Yu-Gi-Oh! is fun. The trading card game from Konami is fun too. So why is Korea’s version an out-of-the-blue bummer?
Recently on 2ch, Japan’s largest forum, one member uploaded photos of a Korean Yu-Gi-Oh! pack. Let’s have a look.
Here’s the pack (obviously).
OK.
Alright.
Business as usual, until…
You get to the missing child card. Yeah. This is truly sad and makes opening a pack of Yu-Gi-Oh! cards an unexpected downer. (Of course, this is not even vaguely near to the terrible sadness the parents of these missing children must feel, and I am most certainly not implying such.)
This has been going on for a while now, it seems. And others have noticed this as well (here, here, and here).
On these cards, there is a URL for www.missingchild.or.kr, which is the country’s National centre for Missing Children.
I’d imagine parents of missing children would do anything to get their children back — and my heart goes out of them. And, in a way, this is kind of like putting missing children on the back of milk cartons.
That being said, are the kids who buy these Yu-Gi-Oh! cards really supposed to look for other missing kids? Does that happen? Honestly, I’m not sure, but I do hope it’s working, though, and that missing kids are being found.
韓国のトレーディングカード恐すぎワロエナイ [2ch]
Comments
3 responses to “South Korea’s Yu-Gi-Oh! Cards Are Unexpectedly Sad”
Wow, truly impressive that the effort has been put in by Konami to include these cards in their packs. This sort of thing in a Western World country would likely detract customers from their cards.

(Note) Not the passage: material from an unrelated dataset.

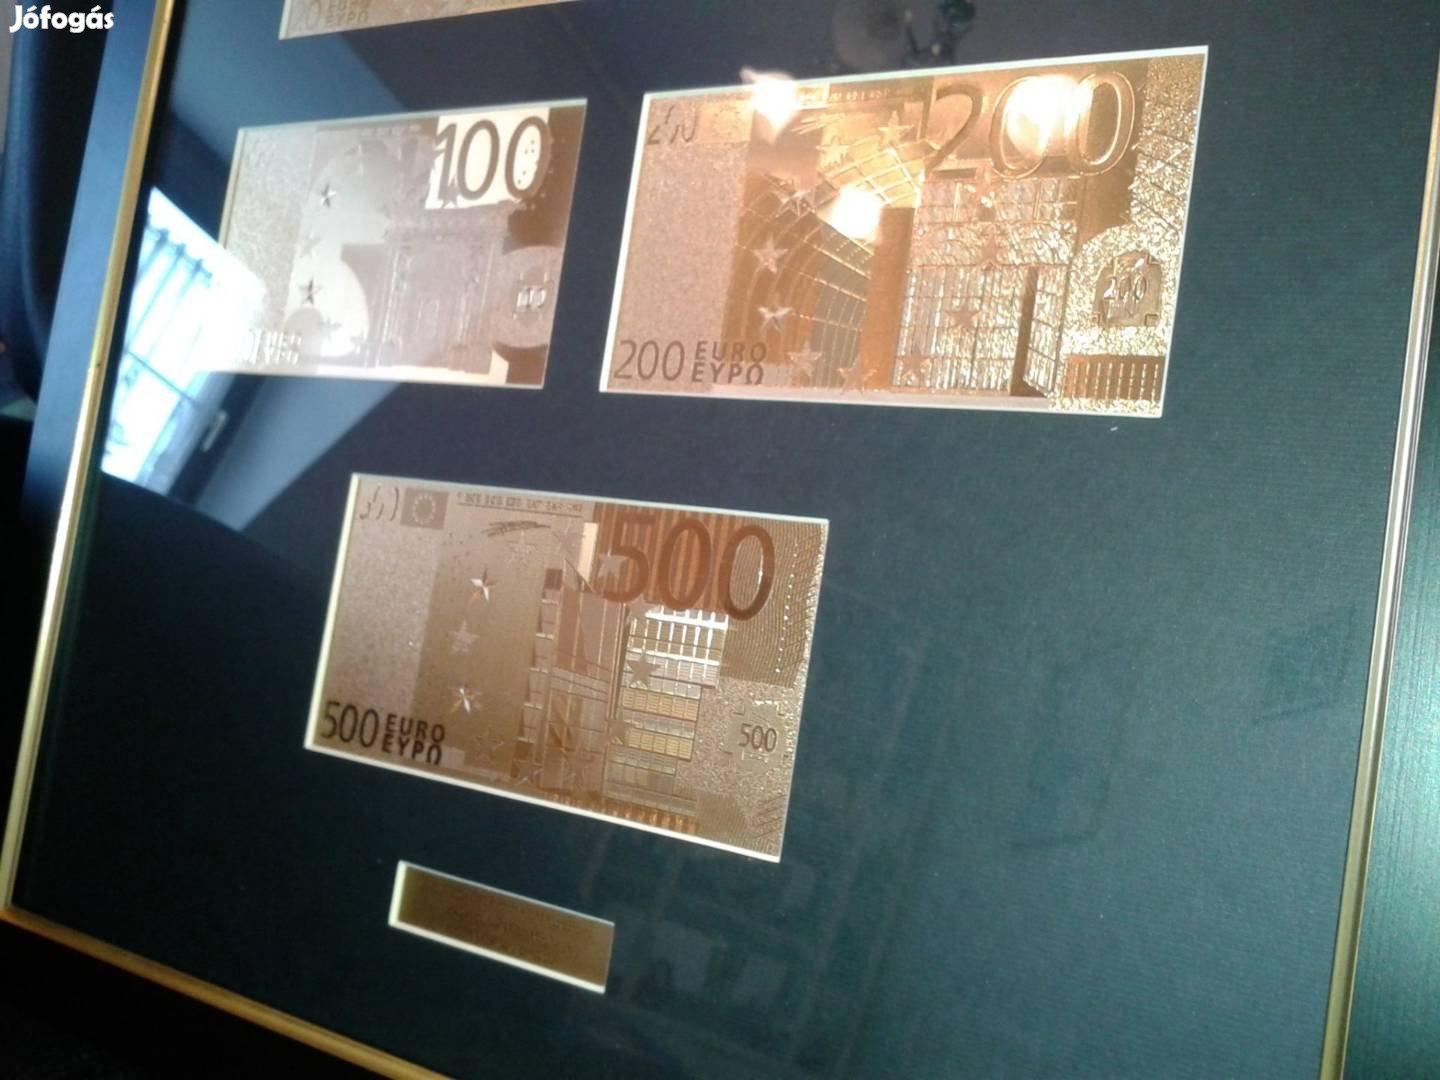 Eladó 24kt Arany 5-500 Euro Bankjegy Luxus Full Szett,Exkluzív Ajándék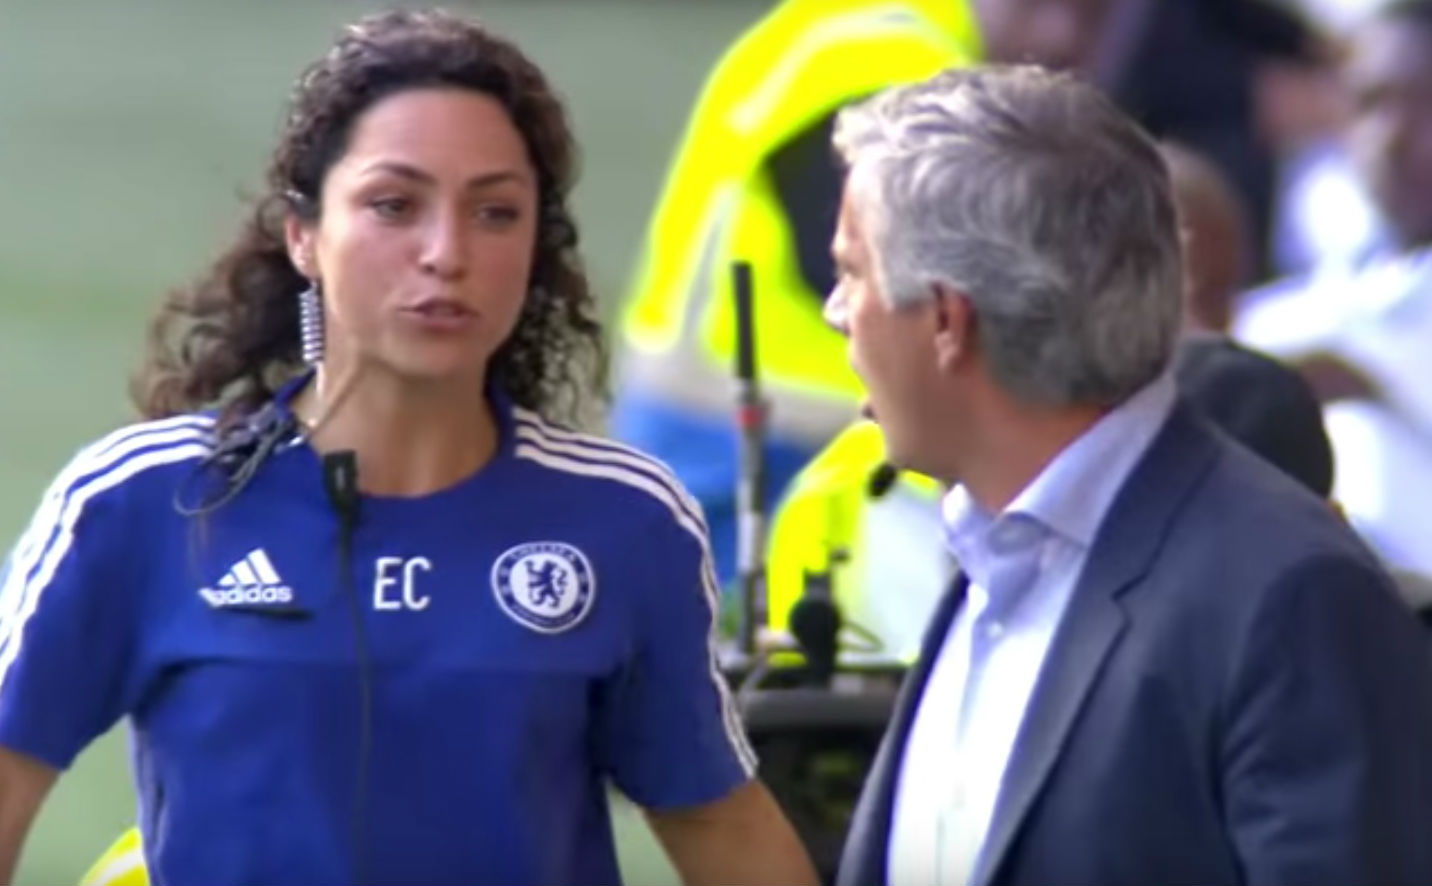 Novo vídeo revela insultos de Mourinho contra Eva Carneiro

Yeah, that takes some serious balls. I know a lotta folks would shy away from something if it kept pissing in their cereal like that. (Eg: ‘I get that there’s an endless deluge of human misery and suffering out there, but doesn’t that make it especially important for me to fully take advantage of any moment I can enjoy true, distracted, oblivious enjoyment? Bumming me out doesn’t actually help anyone.’)
Konami are such cuties.
Seriously, I love Konami; always have, always will, and this just perpetuates that love.